In [None]:
import numpy as np
import csv
import pandas as pd
import matplotlib.pyplot as plt
import baseline_classifier as bsclf
%matplotlib inline

# Table of content
* [1 The assignment](#Introduction)
* [2 The data](#TheData)
* [3 Loading the data](#LoadingTheData)
* [4 Exploratory data analysis](#ExploratoryDataAnalysis)
    * [4.1 How many bank entries do companies have?](#HowManyBankEntries)
    * [4.2 How many accounts do companies have?](#HowManyAccounts)
    * [4.3 How many bank entries are there per account?](#HowManyBankEntriesPerAccount)
    * [4.4 Summary of exploratory data analysis](#SummaryOfExploratory)
    * [4.5 Looking into a single company in more detail](#SingleCompanyExploratory) 
* [5 Building the baseline classifier](#BuildingTheBaselineClassifier) (Part 1)
* [6 Testing the baseline classifier](#TestingTheBaselineClassifier)
    * [6.1 Testing on a single company](#TestingTheBaselineClassifierOnSingle)
    * [6.2 Testing the classifier on each company](#TestingTheBaselineClassifierOnAll)
    * [6.3 Summary of the baseline classifier](#SummaryOfTheBaselineClassifier)
* [7 Taking advantage of the data across different companies](#TheSecondPart) (Part 2)
    * [7.1 Mapping text onto features](#MappingText)

# 1. The assignment<a id='Introduction'></a>
This is my solution to the hiring assignment e-conomics posed the candidates applying for a position as a Data Scientist on the machine learning team.

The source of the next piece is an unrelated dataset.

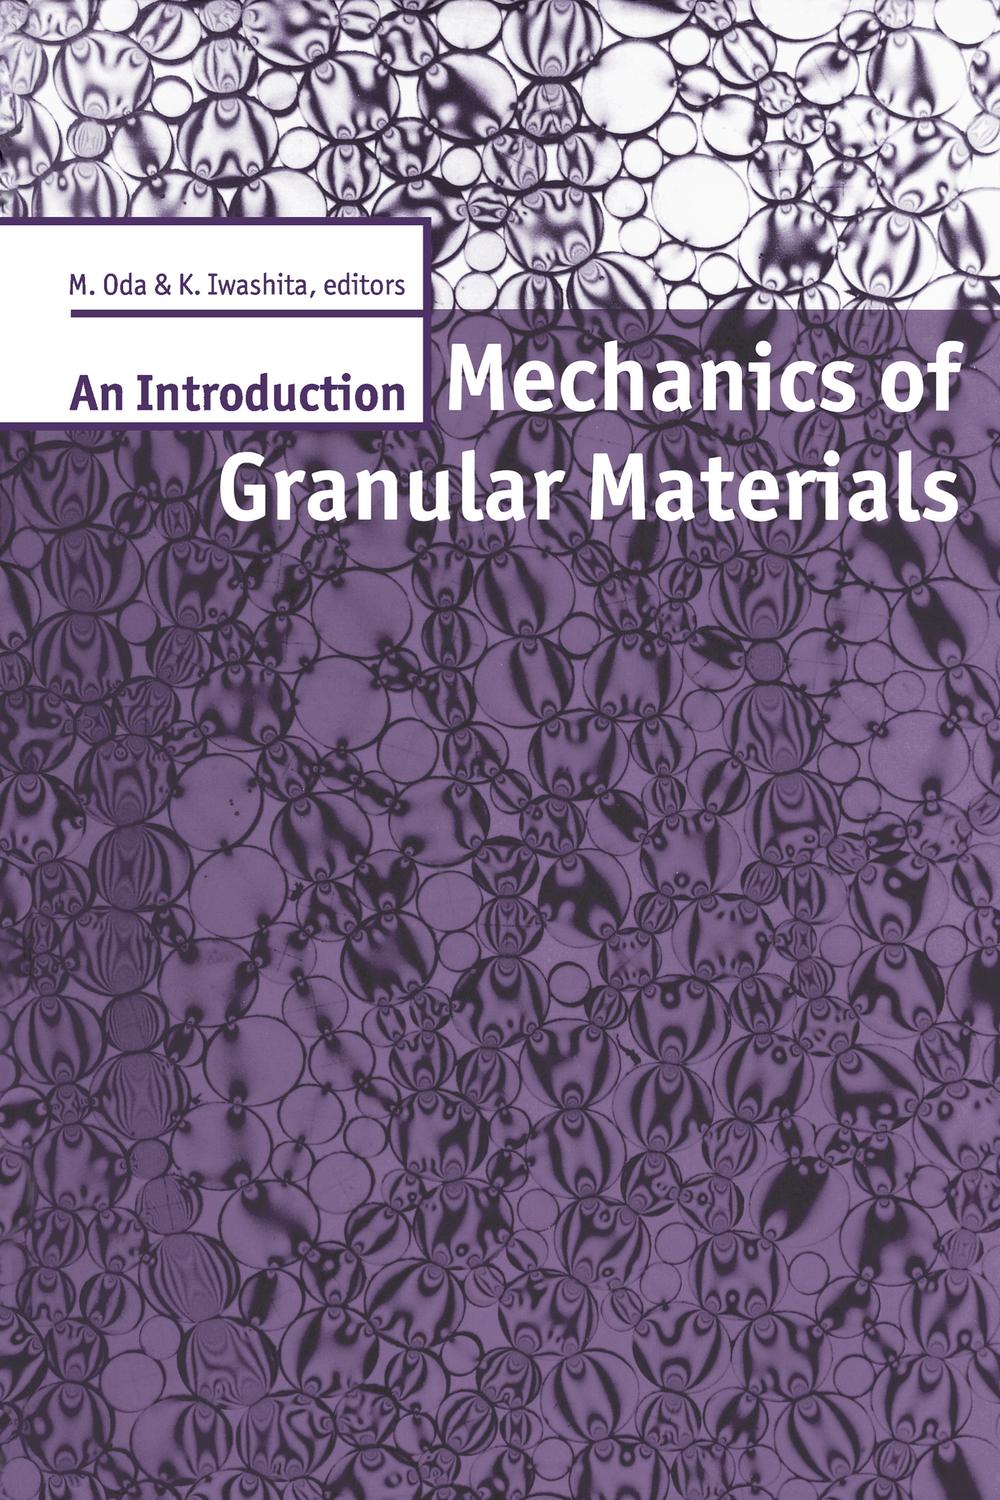 Mechanics of Granular Materials: An Introduction - K. Iwashita, M. Oda,,

The assignment is descibed in detail [here](https://github.com/e-conomic/hiring-assigments/tree/master/autosuggest/bankrec-assignment).

In short the assignment is to build a classifier that that can predict which account a given bank entry should be filed under. The assignment is divided into two parts. In the first part the candidate is asked to build and test a classifier __for each__ company. In the second part the candidate is asked to reflect on how one could build a classifier that works __for all__ companies. This would greatly increase the amount of training data and (perhaps) simply the process of classifying the bank entries.

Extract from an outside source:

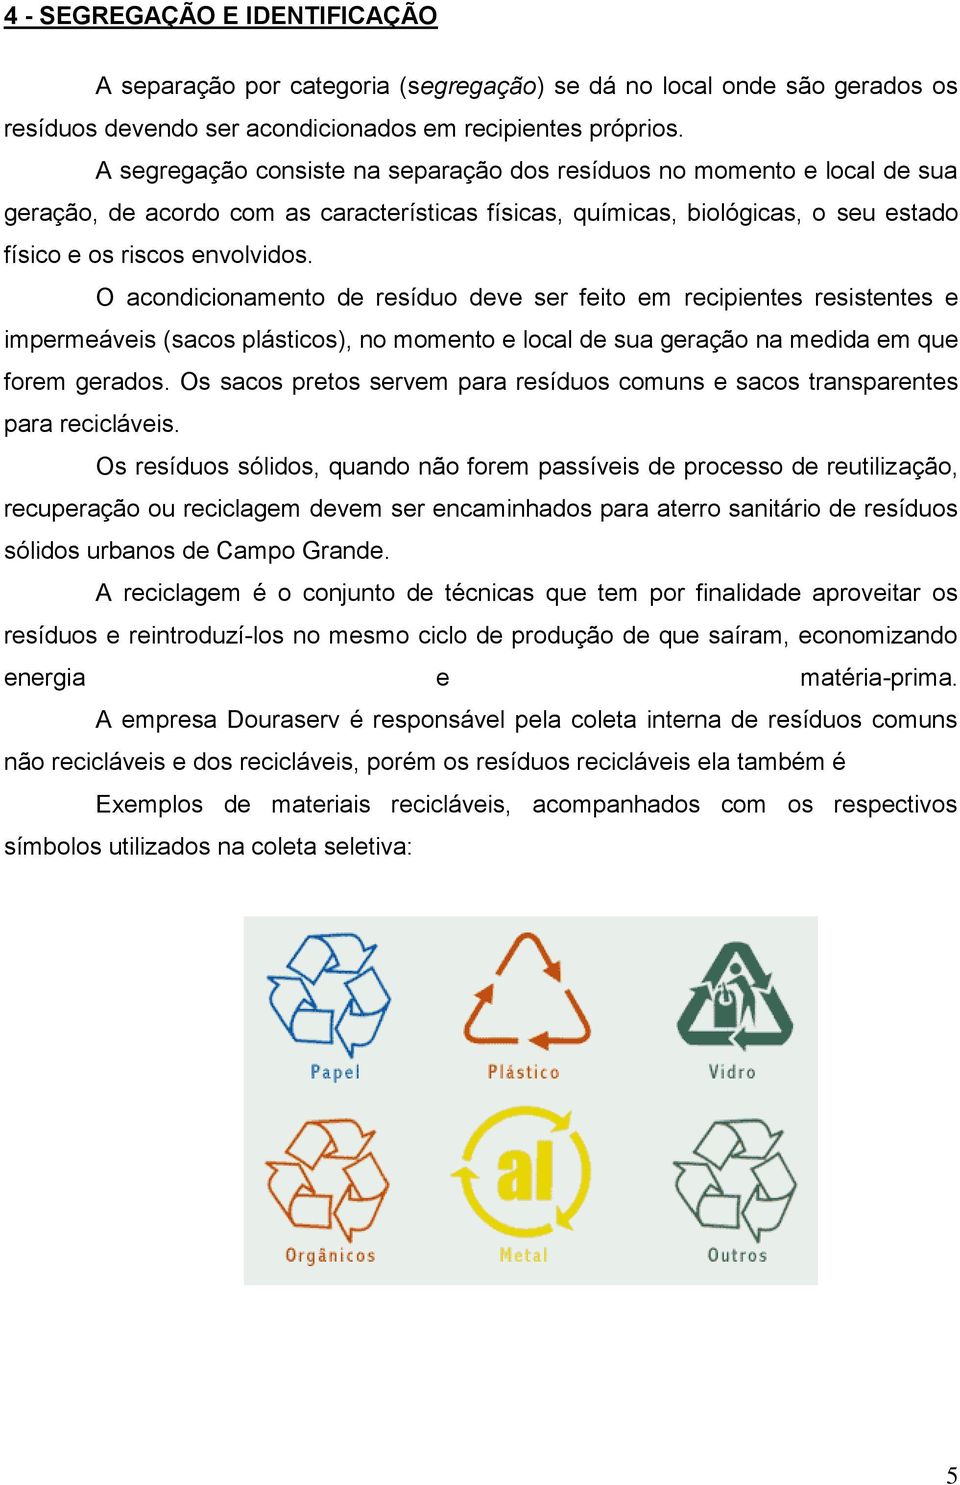 O acondicionamento de resíduo deve ser feito em recipientes resistentes e impermeáveis (sacos plásticos), no momento e local de sua geração na medida em que forem gerados.

# 2. The data<a id='TheData'></a>
The dataset consist of expenses from 100 random companies. For each all expenses that was booked in e-conomic (737017 bank entries in total) are provided. For each bank entry the following details are included as columns in the dataset:
* **CompanyId**: The identifyer of the company to help you slice and dice the data in the right way.
* **BankEntryDate (feature)**: The date of the financial transaction.
* **BankEntryText (feature)**: The text following along with the financial transaction. This is typically machine generated, but in case of manual transactions they may be manually written by a human.
* **BankEntryAmount (feature)**: The amount of the financial transaction. Expenses are negative, earnings are positive.
* **AccountNumber (target)**: The account number. The uniquely identifies an account, and can therefore be used as the target variable / the class that we want to predict.
* **AccountName**: The name of the account.
* **AccountTypeName**: The type of the account.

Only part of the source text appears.